POLIcy design ANNotAtions (POLIANNA): Towards understanding policy design through text-as-data approaches
Creators
- 1. Energy and Technology Policy Group, Department of Humanities, Social and Political Sciences, ETH Zurich
- 2. Hertie School Berlin
- 3. Climate Physics Group, Department of Environmental Systems Science, ETH Zurich
Description
The POLIANNA dataset is a collection of legislative texts from the European Union (EU) that have been annotated based on theoretical concepts of policy design.
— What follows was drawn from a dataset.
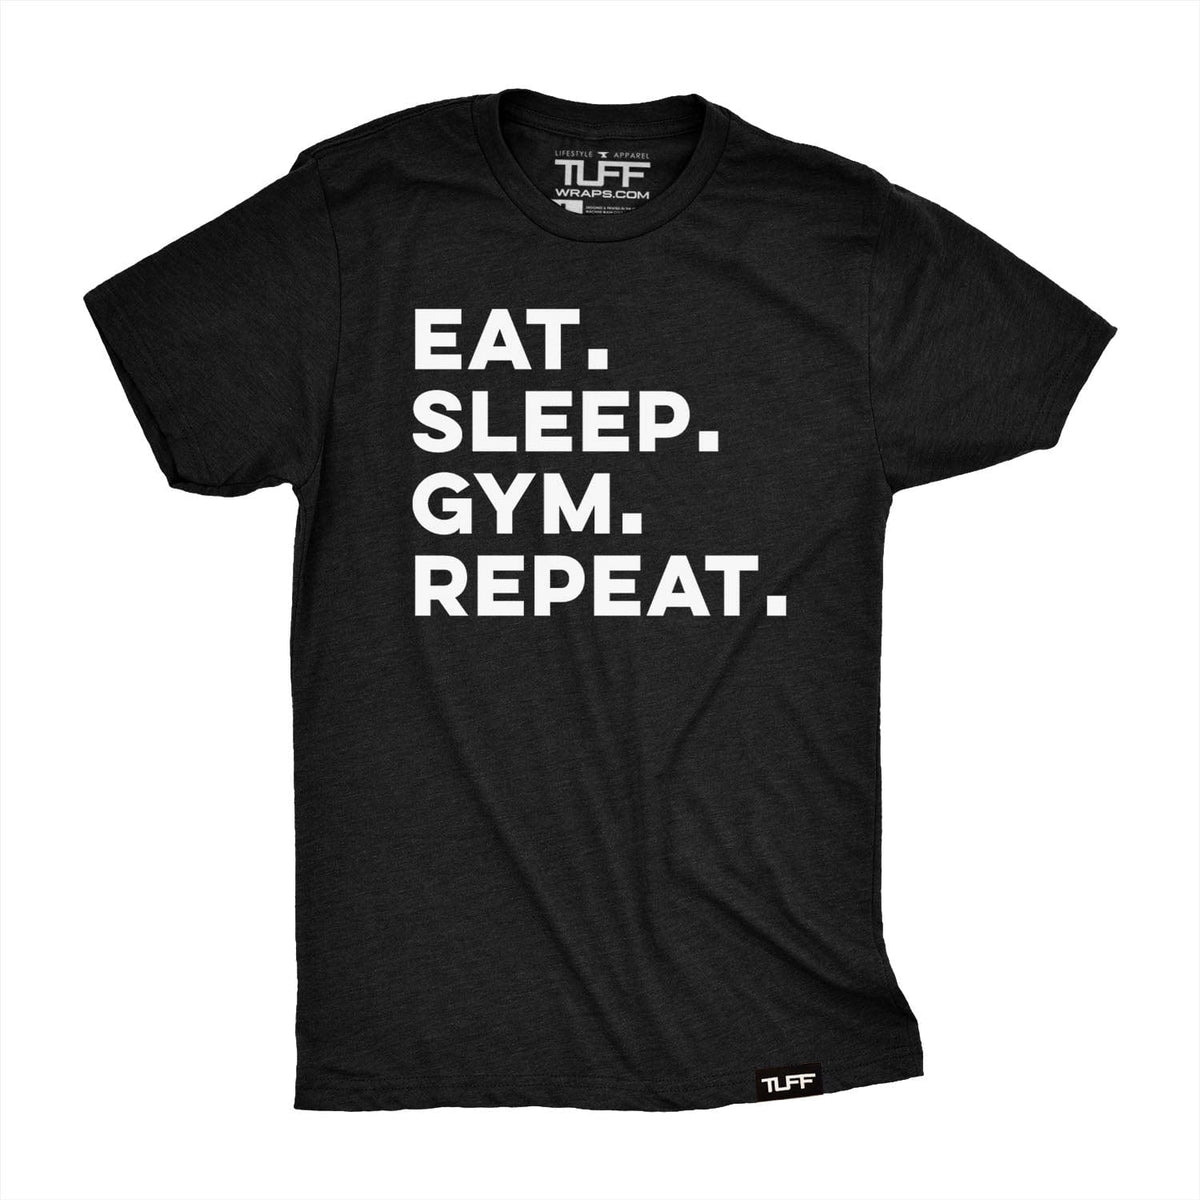 Eat. Sleep. Gym. Repeat. Tee S / Black TuffWraps.com

The dataset consists of 20,577 annotated spans in 412 articles, drawn from 18 EU climate change mitigation and renewable energy laws, and can be used to develop supervised machine learning approaches for scaling policy analysis. The dataset includes a novel coding scheme for annotating text spans, and you find a description of the annotated corpus, an analysis of inter-annotator agreement, and a discussion of potential applications in the paper accompanying this dataset. The objective of this dataset to build tools that assist with manual coding of policy texts by automatically identifying relevant paragraphs.
Detailed instructions and further guidance about the dataset as well as all the code used for this project can be found in the accompanying paper and on the GitHub project page. The repository also contains useful code to calculate various inter-annotator agreement measures and can be used to process text annotations generated by INCEpTION.
Dataset Description
We provide the dataset in 3 different formats:
JSON: Each article corresponds to a folder, where the Tokens and Spans are stored in a separate JSON file. Each article-folder further contains the raw policy-text as in a text file and the metadata about the policy. This is the most human-readable format.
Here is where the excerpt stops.